Listed entries

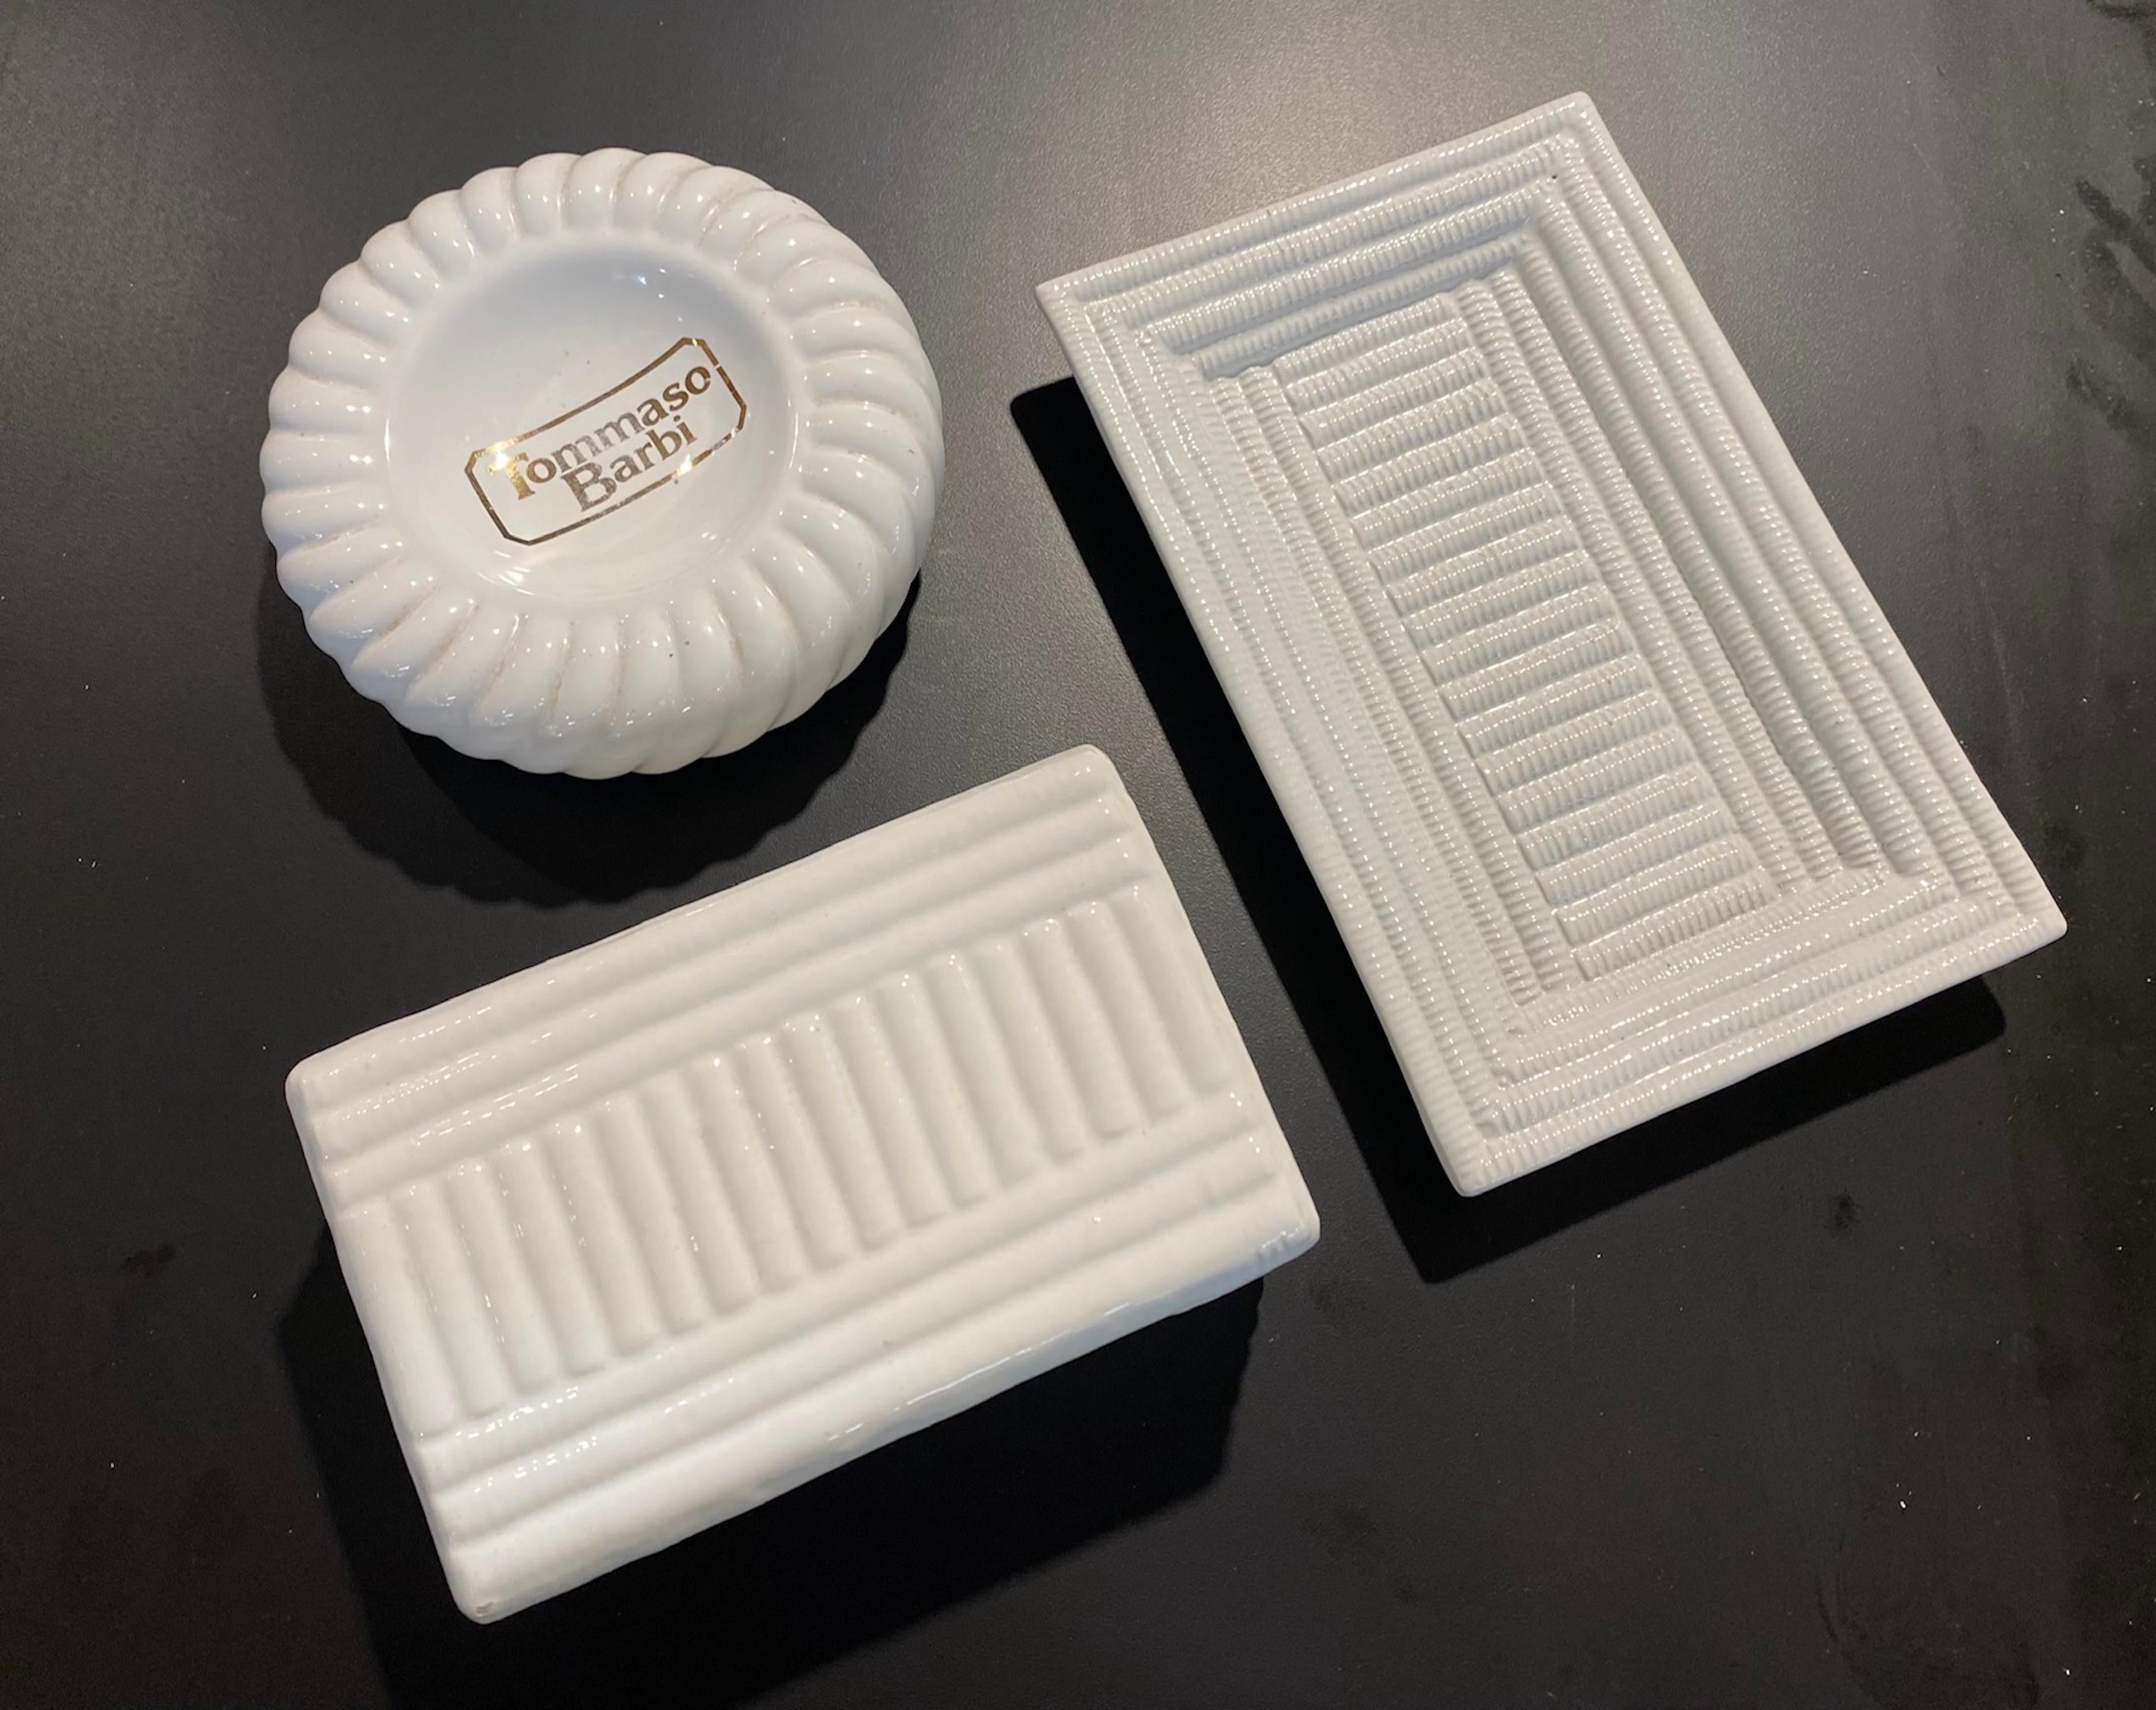 Tommaso Barbi group of 3 1980s ceramic smoking objects of 1 box and 2 ashtrays.
All signed in white glaze B. Ceramiche.
Box.        6.88 W   4.25 D   2.75 H
Round     6.25 D   1.75 H 
Tray.        9.25 L.    6 W.   1.25 H

Exercise prompt
Transcribe the listing word for word, but keep its pictures out of the copy.

Worked solution
 Tommaso Barbi group of 3 1980s ceramic smoking objects of 1 box and 2 ashtrays.
All signed in white glaze B. Ceramiche.
Box.        6.88 W   4.25 D   2.75 H
Round     6.25 D   1.75 H 
Tray.        9.25 L.    6 W.   1.25 H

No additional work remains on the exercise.